RARE Daily

PepGen Raises $112.5 Million to Advance Transformative Therapies for Neuromuscular Diseases

August 5, 2021

PepGen raised $112.5 million in a series B crossover financing round to advance its oligonucleotide platform targeting rare neuromuscular and cardiac diseases, including Duchenne muscular dystrophy.

Photo: James McArthur, president and CEO of PepGen

Existing investors in the oversubscribed round included Ra Capital Management, Oxford Sciences Innovation, and CureDuchenne Ventures. New investors included Viking Global Investors, Deerfield Management Company, Adage Capital Management, Samsara Biocapital, Laurion Capital Management, Tudor Investment, Gray’s Creek Capital Partners, and other leading investors.

PepGen’s cell-penetrating peptide technology for oligonucleotide delivery was developed over more than a decade of research in the United Kingdom and arose from collaborations between the neuroscience laboratory of Matthew Wood at the University of Oxford and the peptide chemistry laboratory of Mike Gait at the MRC Laboratory of Molecular Biology in Cambridge.

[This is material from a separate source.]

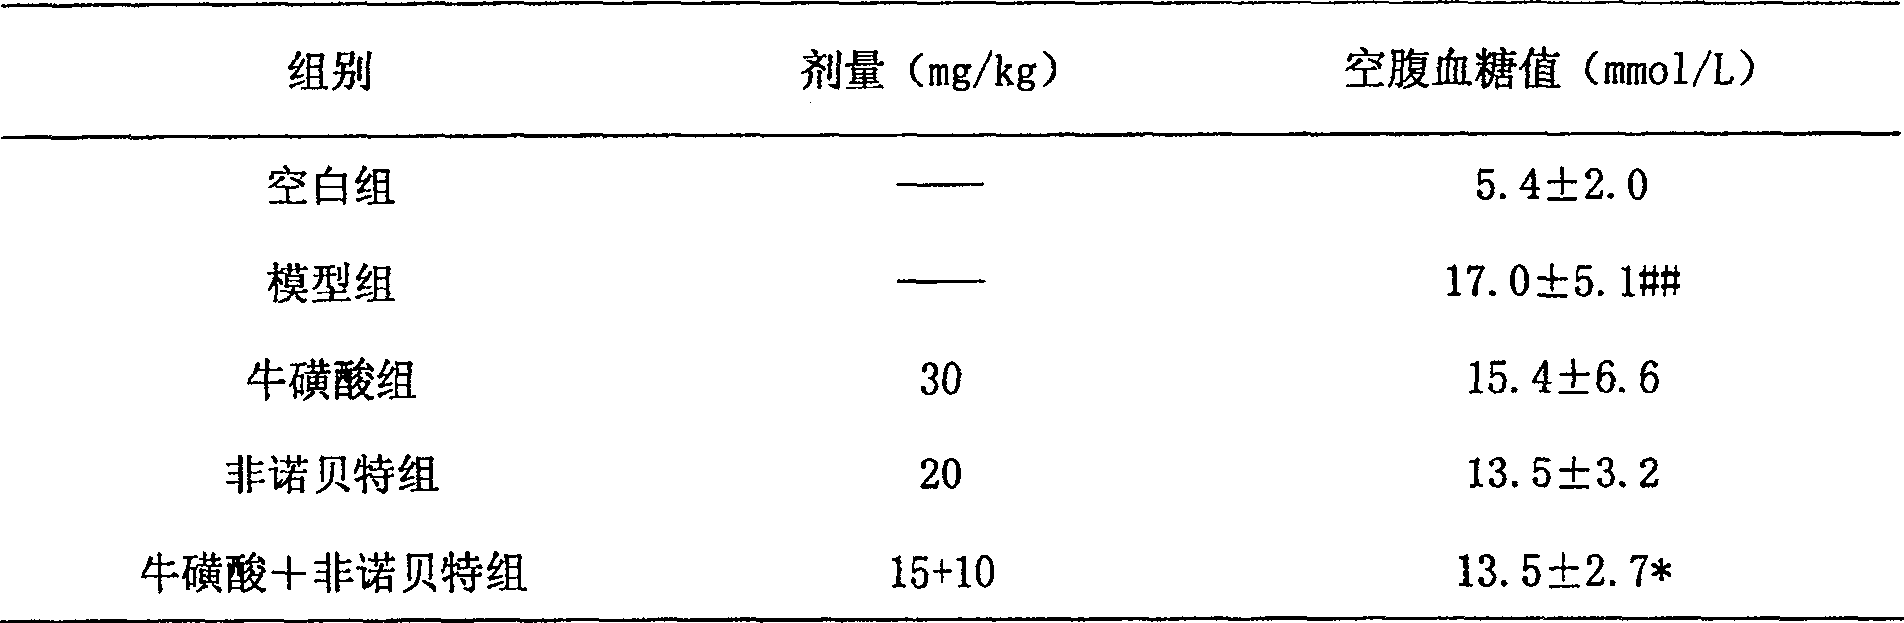 Composition containing fibrate drug and taurine

The technology uses next-generation cell-penetrating peptides conjugated to phosphorodiamidate morpholino oligomers (PPMOs) that are designed to correct genetic defects in diseases with high unmet medical need. PepGen says its proprietary PPMO technology will dramatically enhance delivery of oligonucleotides to key tissues, while also improving safety compared with competing therapies.

In preclinical studies, PepGen has shown that its Enhanced Delivery Oligonucleotide (EDO) platform can deliver oligonucleotide candidates efficiently, safely, and reliably to skeletal, cardiac, and smooth muscle, as well as to areas of the central nervous system, thereby allowing for lower doses and less toxicity.

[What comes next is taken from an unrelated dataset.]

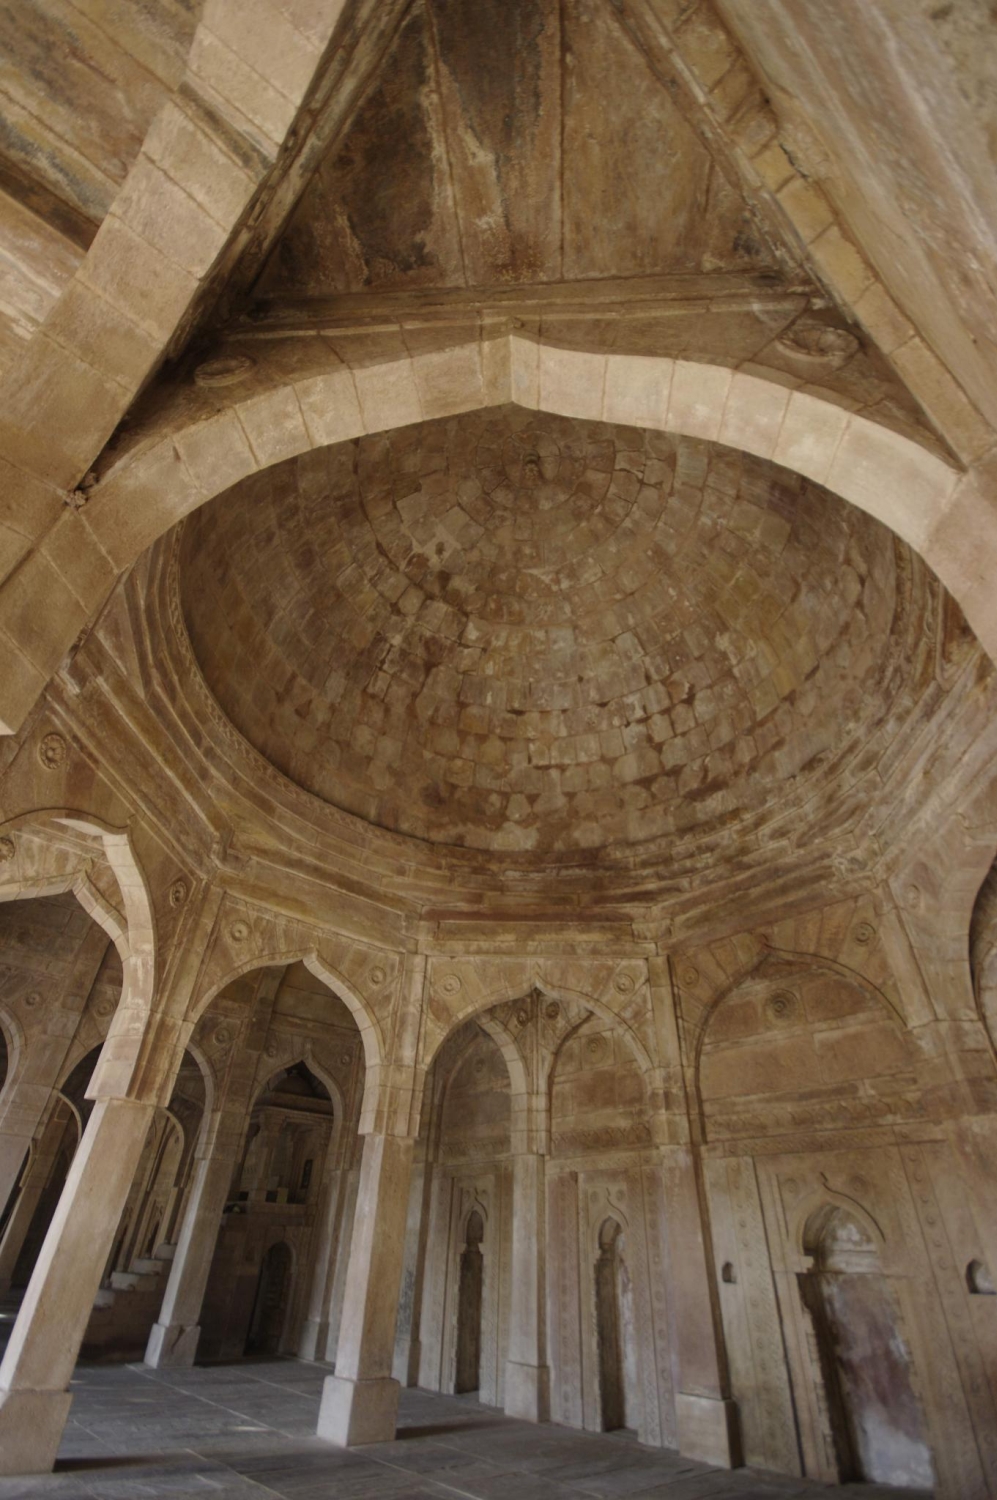 Interior view showing missing dome

PepGen is currently advancing two rare genetic neuromuscular disease programs towards the clinic: one for DMD patients treatable with an exon 51 skipping oligonucleotide and the other targeting myotonic dystrophy type 1 (DM1). Proceeds from the financing will be used to advance lead programs EDO51 for DMD, entering phase 1 clinical trials in 2022, and EDODM1 for DM1, entering clinical trials in early 2023, as well as a pipeline of additional oligonucleotide candidates targeting neuromuscular, neurologic, and severe cardiac diseases. The funds will also enable expansion of PepGen’s team in Boston.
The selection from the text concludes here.